* _TASK OBJECTIVE_: Exactly the lines starting at the line containing "Ezio... Assassin's Creed fan art." and ending at the line containing "Lich thi dau" are to be written out from the listing below, both included.

[INFORMATION SHOWN]

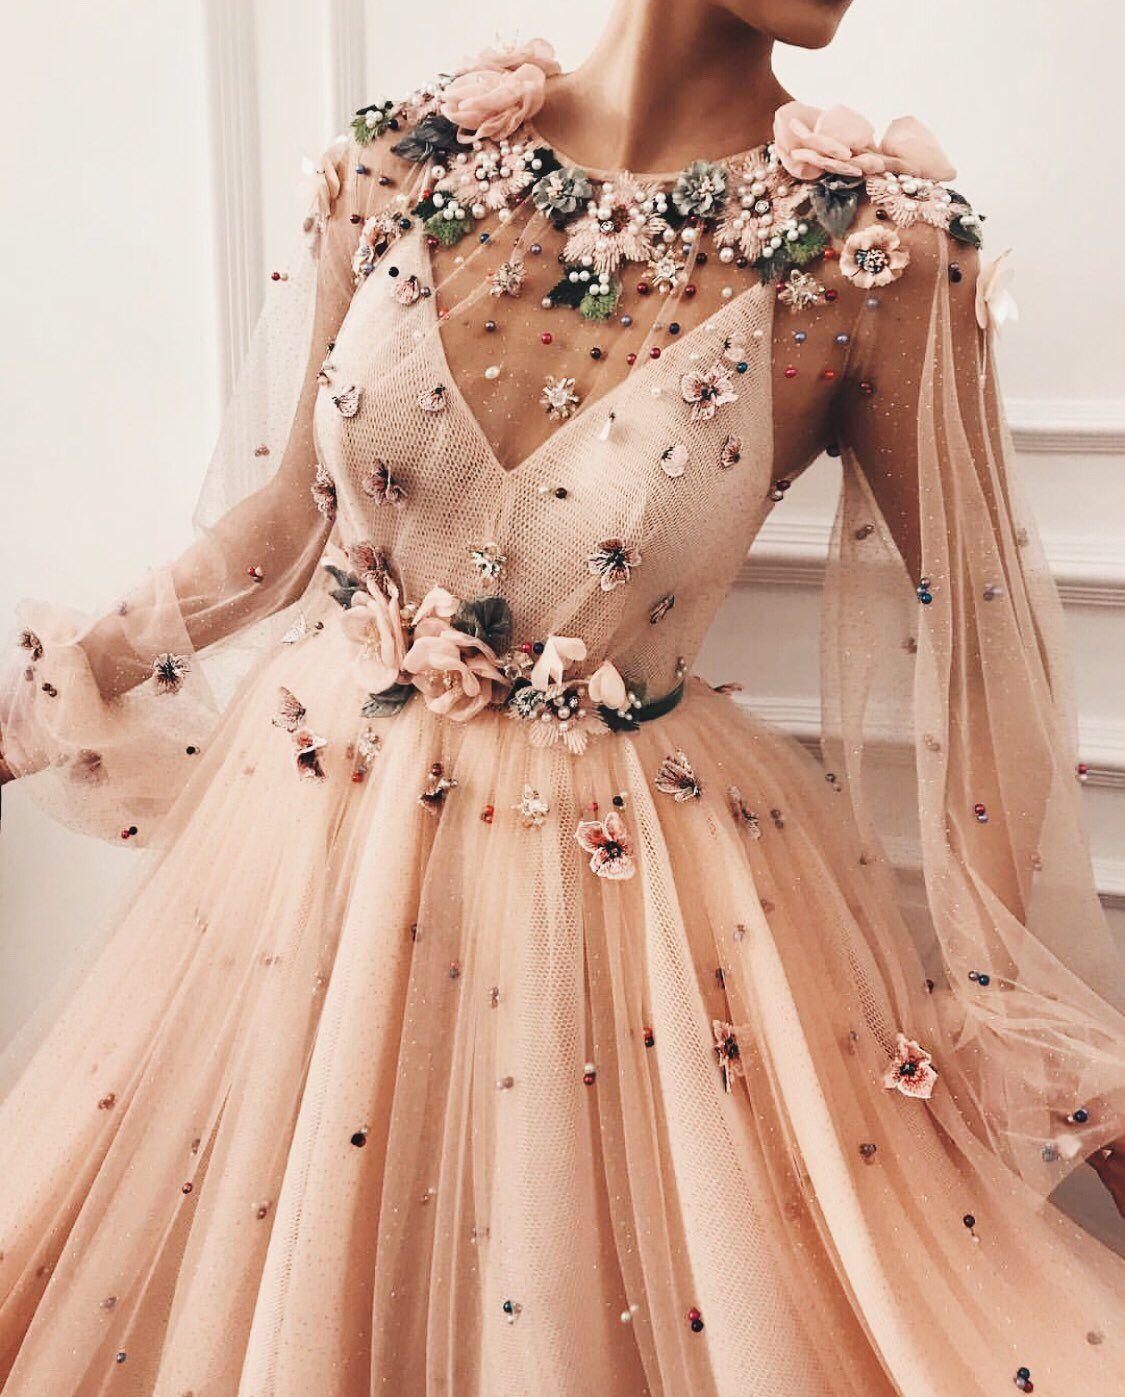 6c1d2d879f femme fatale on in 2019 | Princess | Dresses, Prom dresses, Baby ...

[/INFORMATION SHOWN]
[INFORMATION SHOWN]

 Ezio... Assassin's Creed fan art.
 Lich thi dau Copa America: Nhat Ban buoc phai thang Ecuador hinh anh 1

[/INFORMATION SHOWN]

* _FINISHED EXERCISE_:
 Ezio... Assassin's Creed fan art.
 Lich thi dau Copa America: Nhat Ban buoc phai thang Ecuador hinh anh 1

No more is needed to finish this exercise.